On ID "sameness"

Wed Feb 5 00:48:30 PST 2003

Hi,

We still have this issue of "sameness": that is, when should two
instances of an object be consider the same, and thus be refered to by
the same identifier?  Reagan brought up the concept of a "semantic
copies", copies that are semantically the same but might have a
different byte-representation.  Tom indicated what might be considered
semantically equivalent might depend on the context; he suggested that
we should leave it up to the user to decide when objects are the same
rather than locking it in up front.  

Drawing on ideas presented earlier by others, I'd like to recommend
the following principles on defining "sameness".  They draw on the
requirements discussed in my previous message.

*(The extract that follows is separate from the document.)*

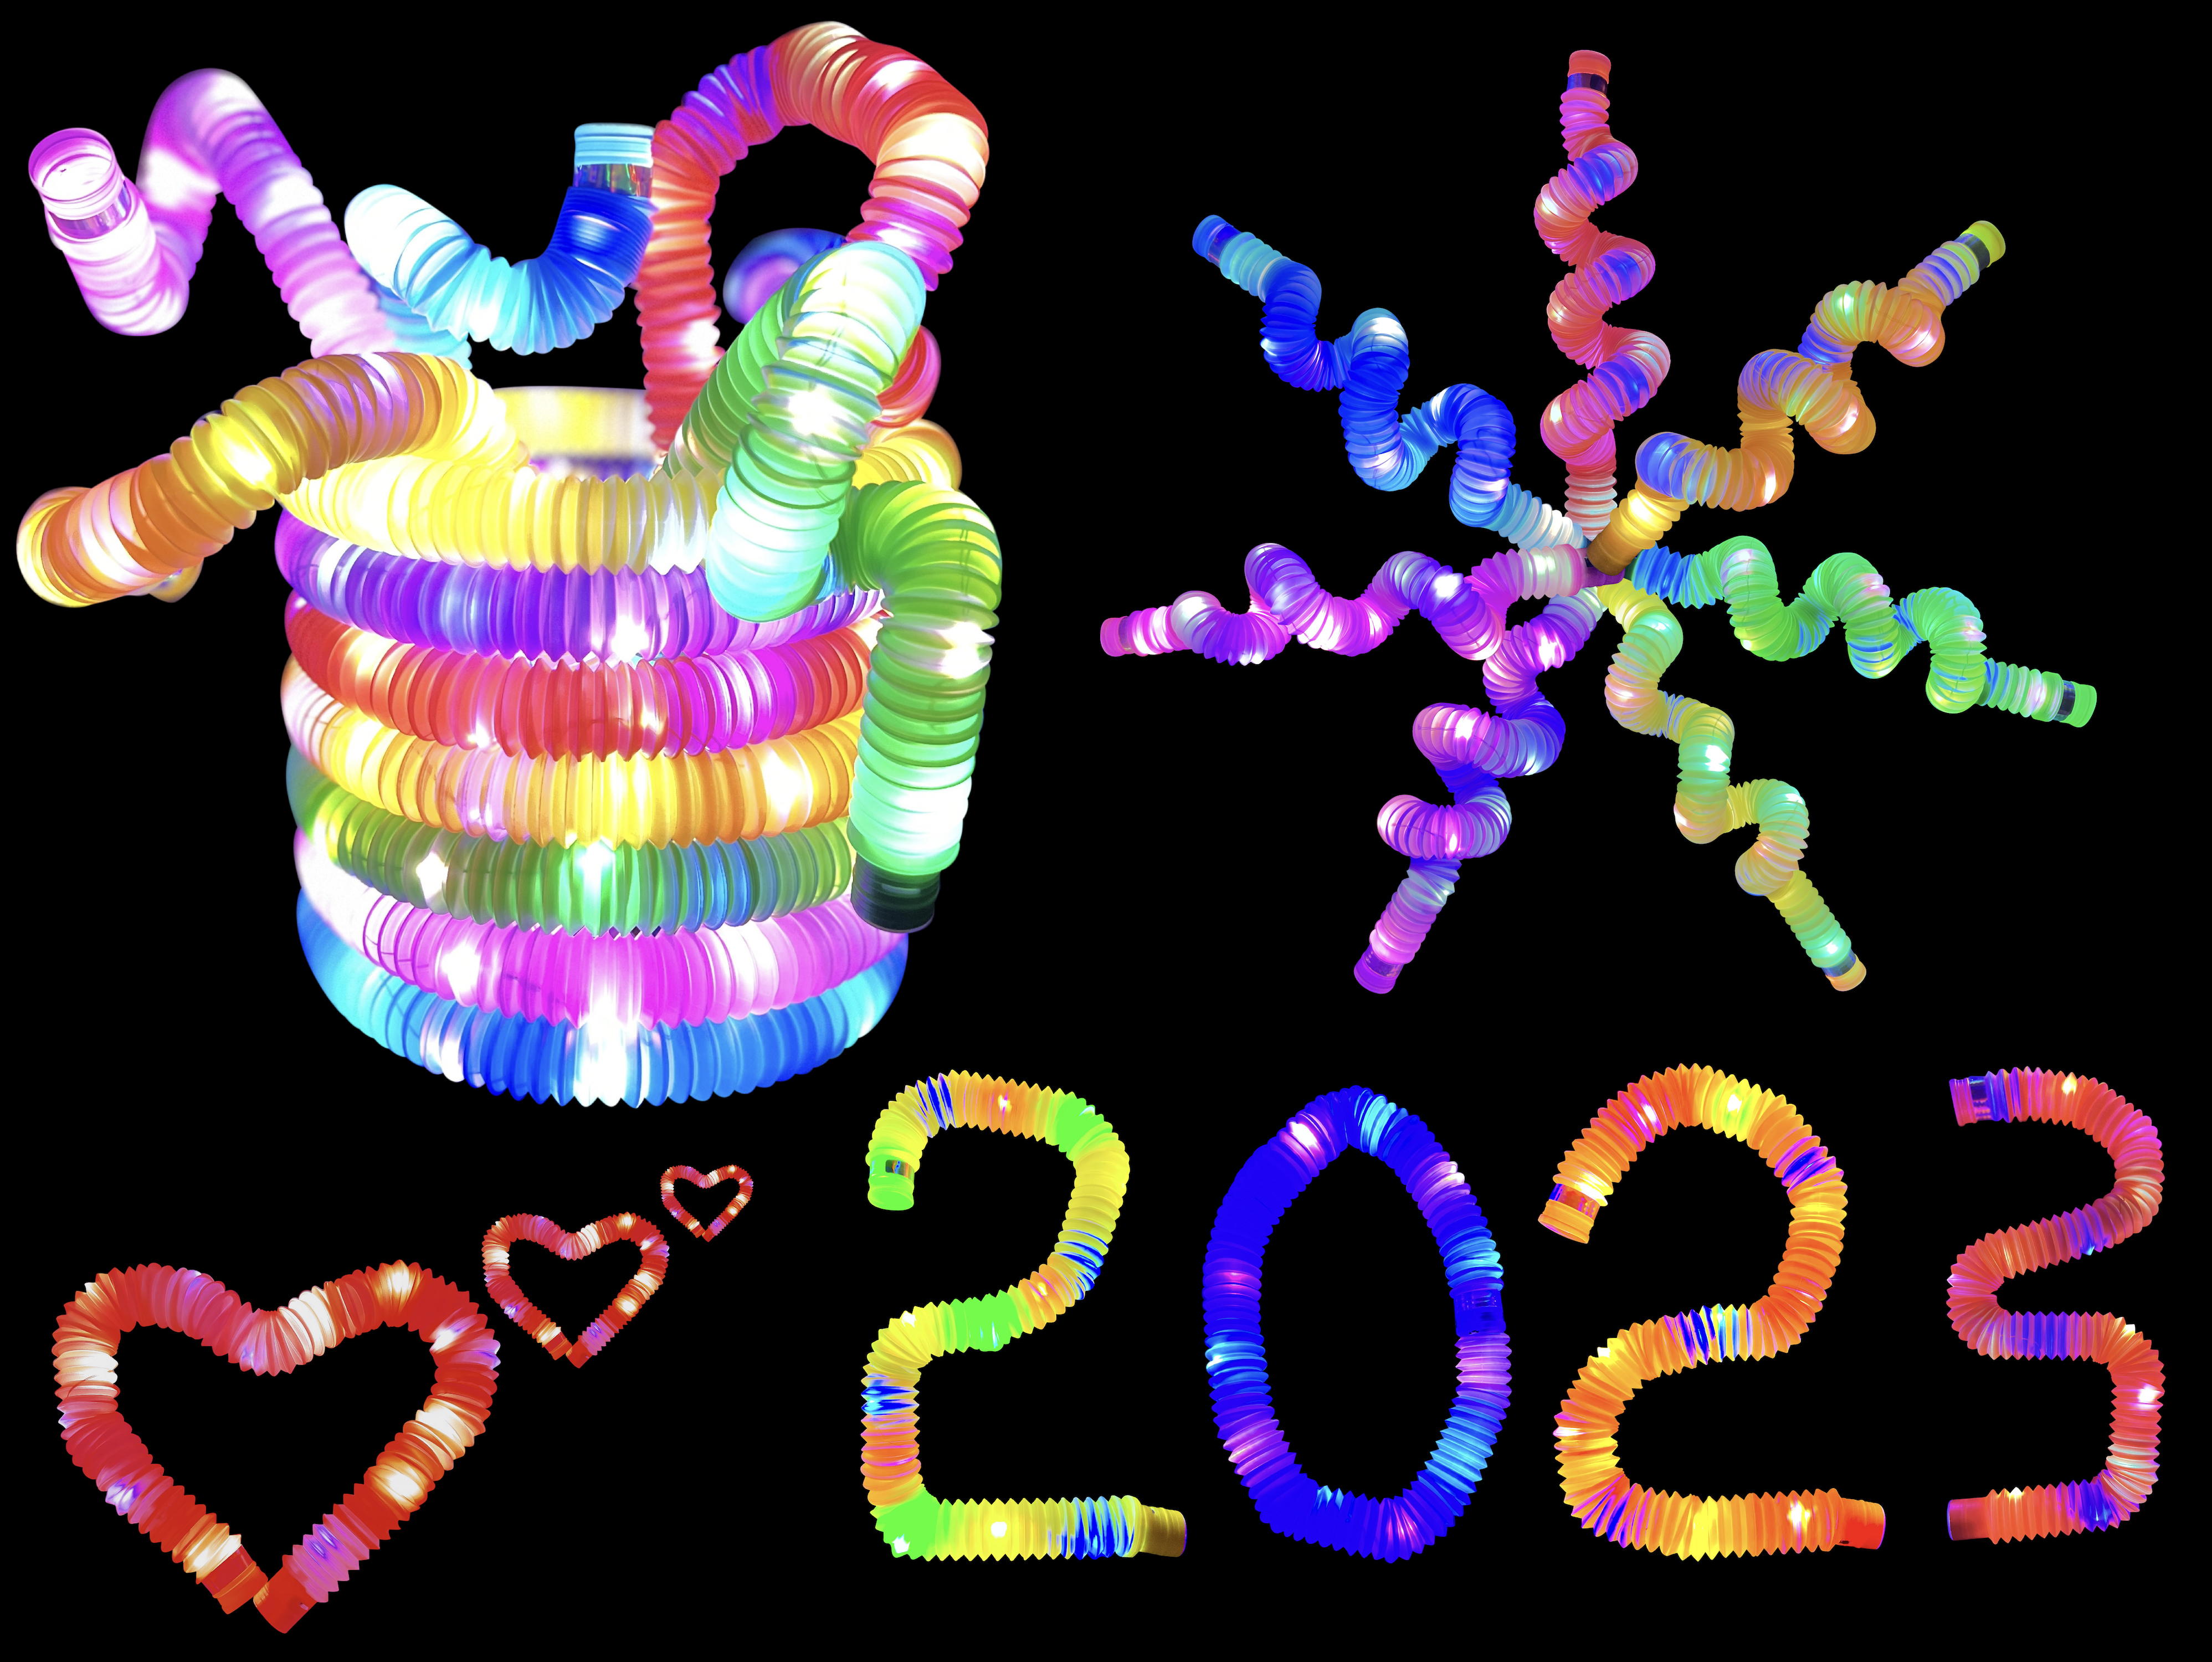 21 Pack LED Glow Tubes Halloween Party Favors Pop It Sticks Sensory Fidget Toy Light Up In The Dark Connectors for Bracelets, Pull And Stretch Toys Dance Disco Wedding Birthday Raves Concert Camping - image 1 of 7
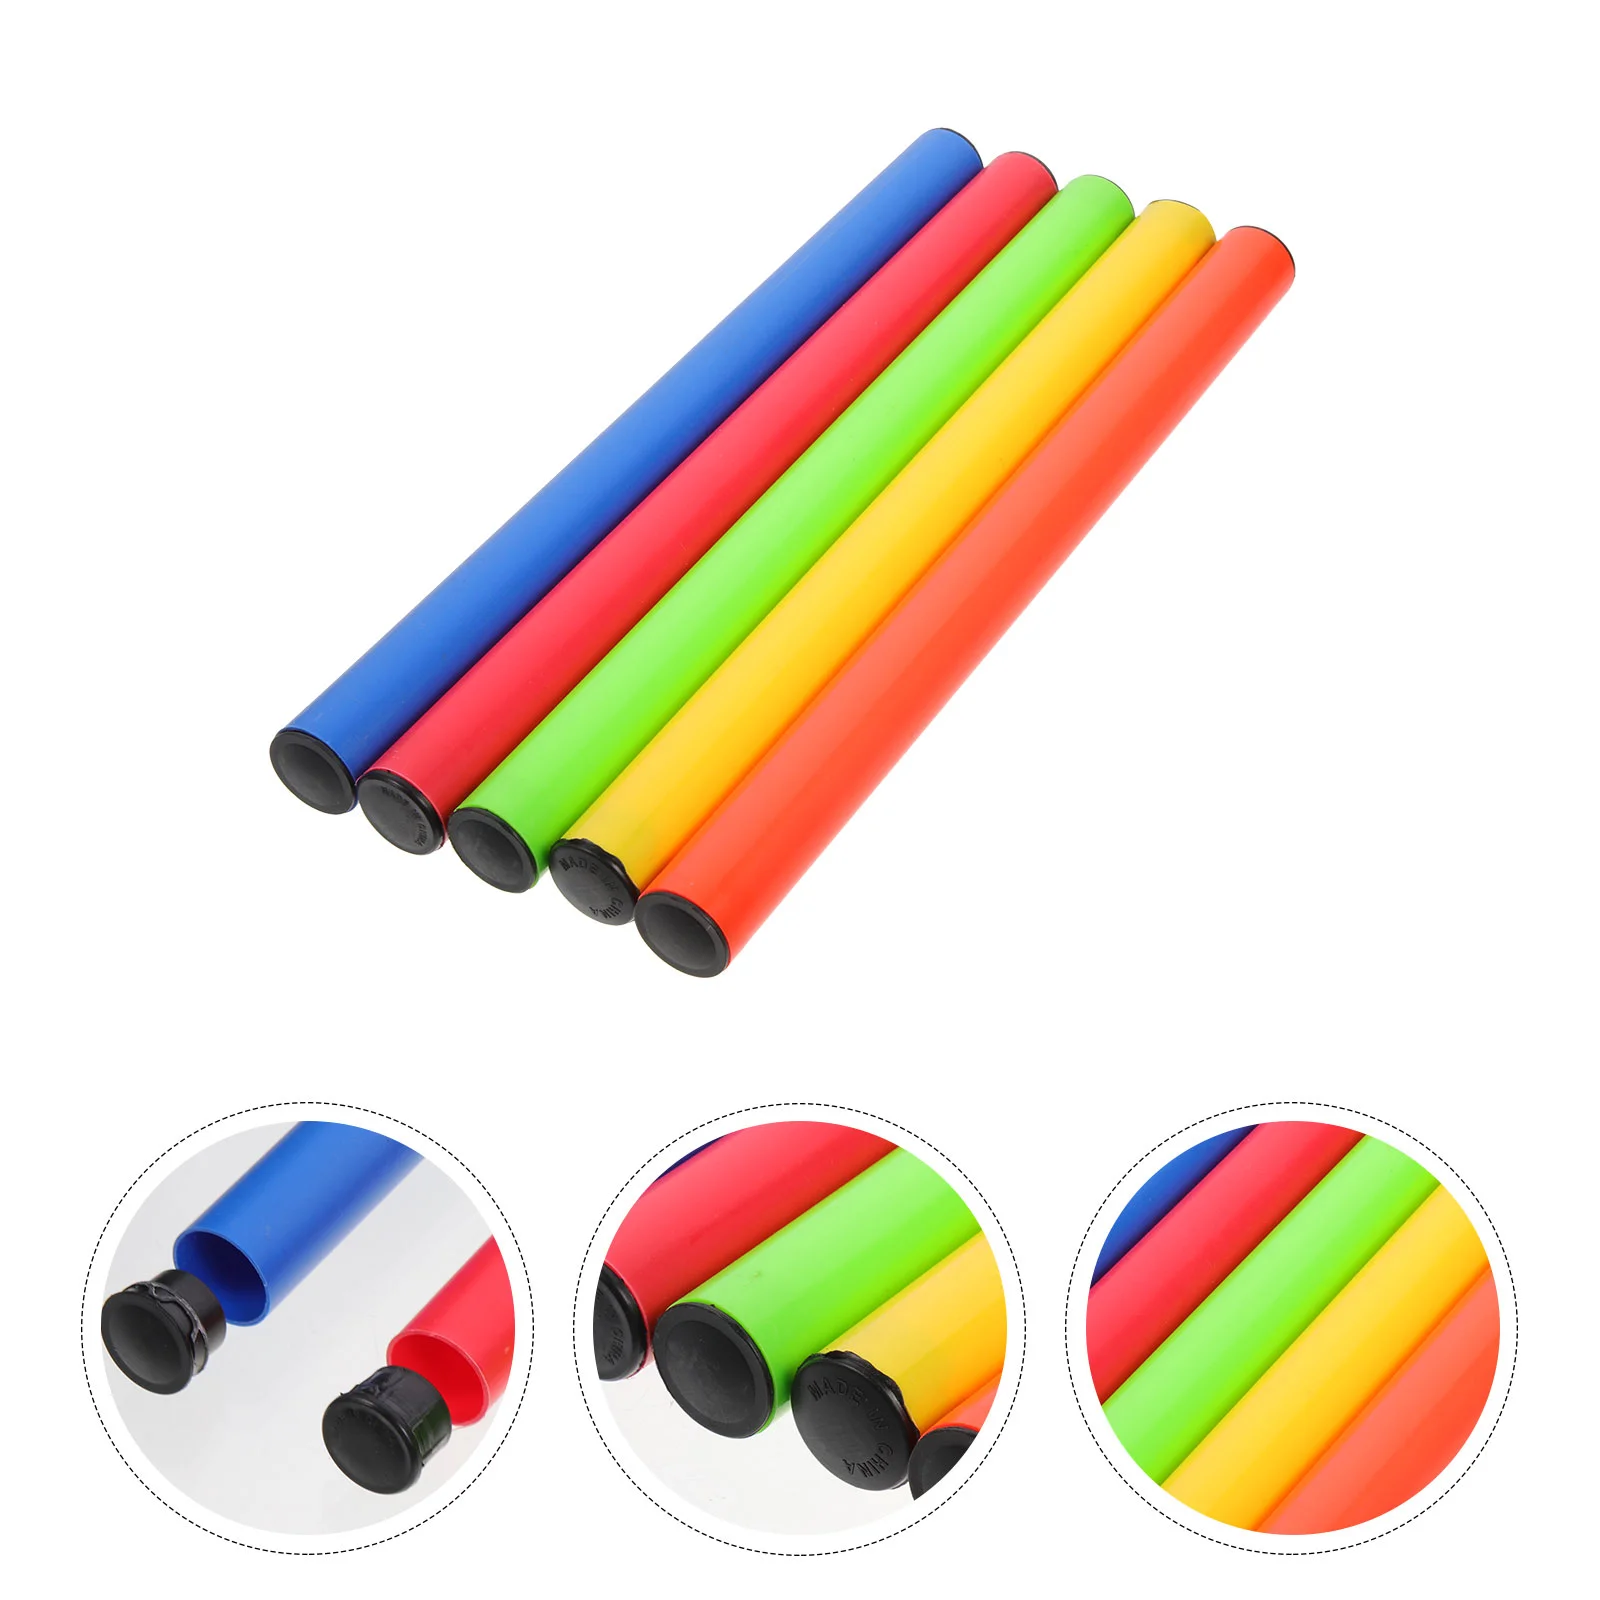 

5 Pcs Relay Race Supply Relaying Stick Field Tools Sports Sticks Track Transfer Competition Kids

1. Two identifiers refer to the same thing when the identifiers are
   character-for-character identical.

2. Two local IDs are identical only when the context of the ID is the
   same.  Global IDs lock in a specific context, and thus can be
   compared in an absolute sense.

3. A description of a resource, service, or data collection might
   reference identifiers associated with various aspects of the
   subject.  Examples might include:
     *  observation ID
     *  "derived from" or "mirror of" ID.
     *  parent collection ID

4. When two instances of an object can be considered the same is up to
   the curating resource and will depend on the object being
   identified.  Curators should consider the following
   recommendations:
     * Two resources can be given the same ID if their
       descriptions are identical apart from the access point.
     * Two services can be given the same ID if:
         o  their descriptions are identical (including the interface
	    inputs and outputs) apart from the access point.
	 o  the implementaions are identical, or otherwise return
	    byte-for-byte output for any given set of inputs.  
     * Two data collections (i.e. anything that that is
       byte-instantiatable) can be given the same ID if they are
       byte-for-byte identical.
   It may be necessary to establish rules or conventions that control
   who is allowed to declare a "mirror" of something.  

5. Because an identifier can be assigned to a variety of things, be
   they abstract/virtual (e.g. resource IDs, observation IDs) or real
   byte-instantiatable (e.g. collection IDs), services that
   specify an ID as part of input or output should be very clear as to
   what the ID refers to (e.g. an image, a table row, an
   observation from which a data item is derived, etc.).  

   In particular with respect to data in a VOTable, it should maximize
   the reader's options for determining whether two rows are effectively
   the same for a particular purpose.  This will likely require of
   definitions of various ID UCDs.  

   One useful UCD might be one for a "semantic identifier", that
   refers to another data item that, in the eyes of the writer, a can
   be considered equivalent to the item being described.  This could
   be used by the SIA to group images that differ primarily in
   format.  

hope this helps,
Ray